Casos de COVID-19 prolongados arrojan nueva luz sobre los enfermos de fatiga crónica

Los síntomas persistentes afectan a algunos pacientes de COVID, pero pueden reducir el problema de la fatiga crónica
Por KEVIN COOL
22 de Febrero de 2021
Actualizado: 22 de Febrero de 2021

Cuatro semanas después de que Jennifer Minhas, enfermera pediátrica de San Diego, contrajera COVID-19 en marzo de 2020, la tos y la fiebre se habían desaparecido, pero surgieron nuevos síntomas: dolor en el pecho, frecuencia cardíaca elevada y fatiga aplastante. Su médico de cabecera le dijo que sólo estaba ansiosa y que ninguno de sus otros pacientes con COVID-19 tenía esos problemas.

“Eso no era lo que necesitaba escuchar”, dijo Minhas.

A veces, se sentía demasiado agotada para sostener la cabeza. “Fue como una especie de zombi durante meses, arrastrando los pies sin poder hacer casi nada”.

El término clínico para la fatiga aplastante que describe Minhas es “malestar postesfuerzo”. Es un síntoma común entre los pacientes que no se han recuperado de la COVID-19. También coincide con un rasgo habitual de otra enfermedad crónica: la encefalomielitis miálgica, también conocida como síndrome de fatiga crónica o SFC.

Los pacientes con EM/SFC también manifiestan un deterioro cognitivo —”niebla cerebral”— y una intolerancia ortostática [a estar de pie], en la que permanecer de pie produce un ritmo cardíaco acelerado y mareos. Minhas ha experimentado estos síntomas, al igual que muchos otros “pacientes prolongados”, las decenas de miles de pacientes posteriores a la COVID-19 que no se han recuperado.

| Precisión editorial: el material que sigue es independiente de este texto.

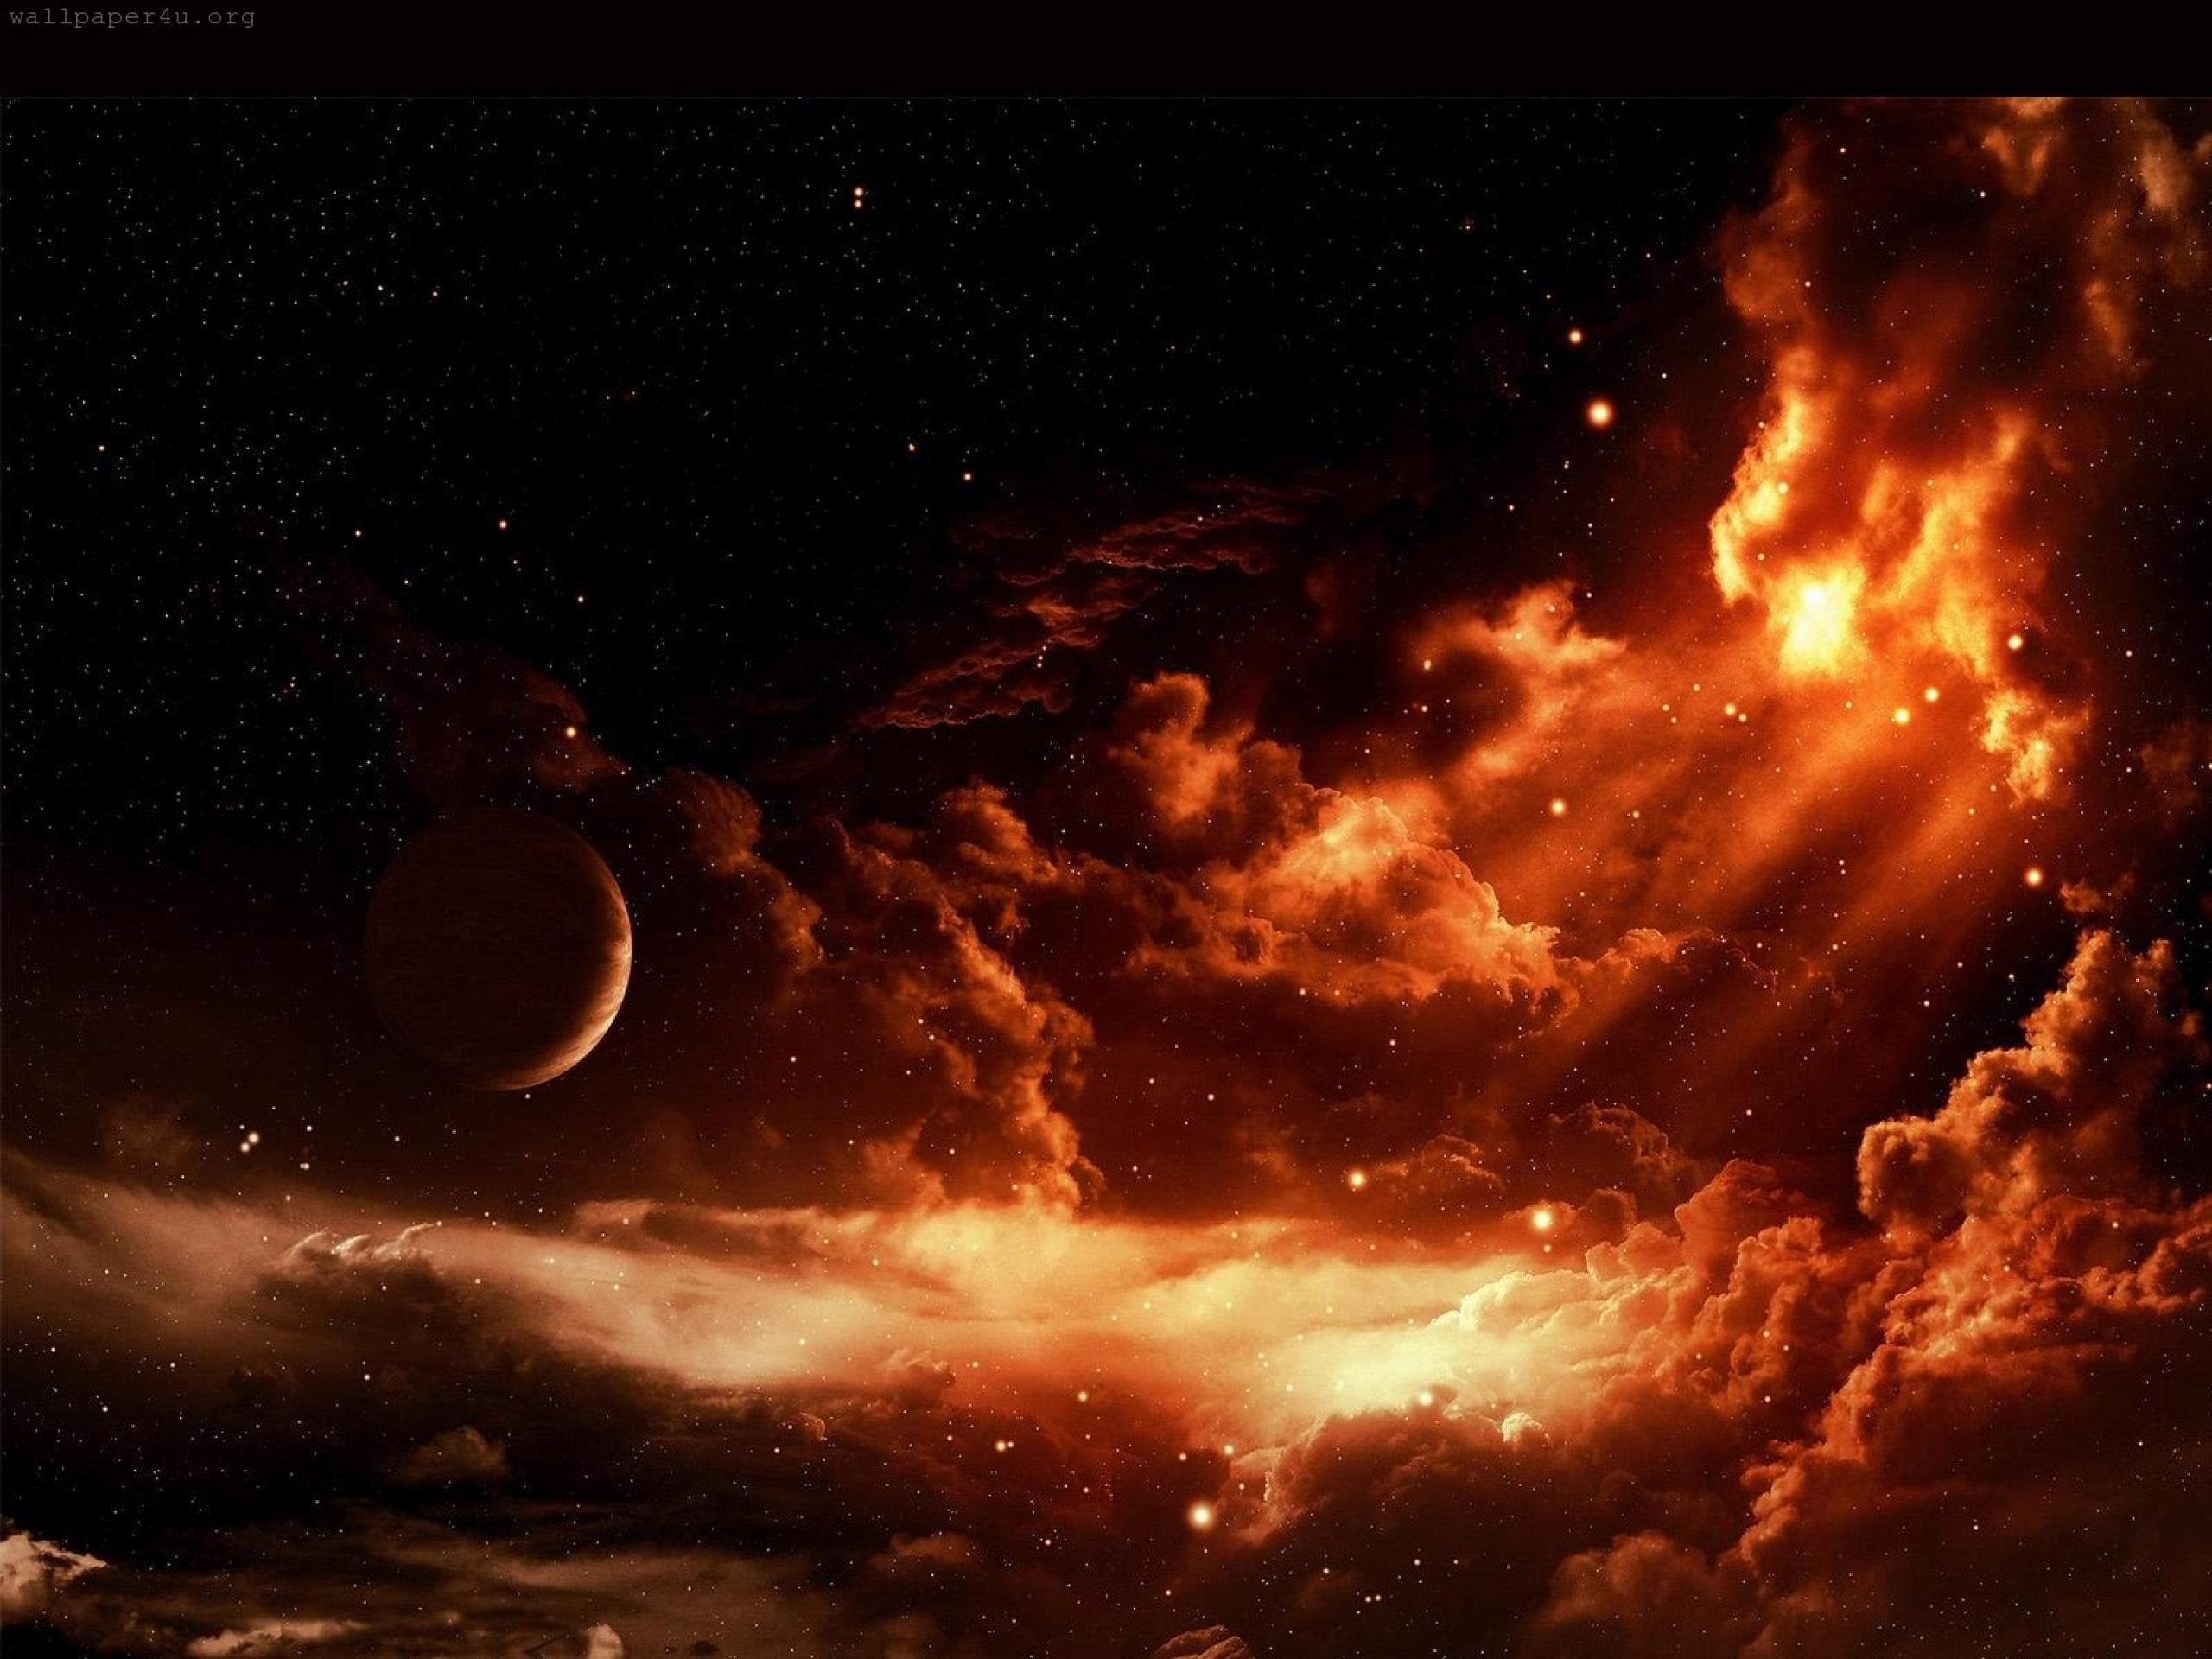 Wallpaper For > Epic Space Wallpaper 1920x1080

El porcentaje de pacientes con COVID-19 que se convierten en “pacientes prolongados” es difícil de precisar, en parte porque muchos de los primeros pacientes con COVID-19 no se sometieron a las pruebas a tiempo para detectar el virus. Pero el “COVID prolongado” es un problema potencialmente enorme. Un estudio reciente sobre 1733 pacientes de COVID-19 en Wuhan, China, descubrió que tres cuartas partes de ellos seguían teniendo síntomas seis meses después de haberles dados de alta.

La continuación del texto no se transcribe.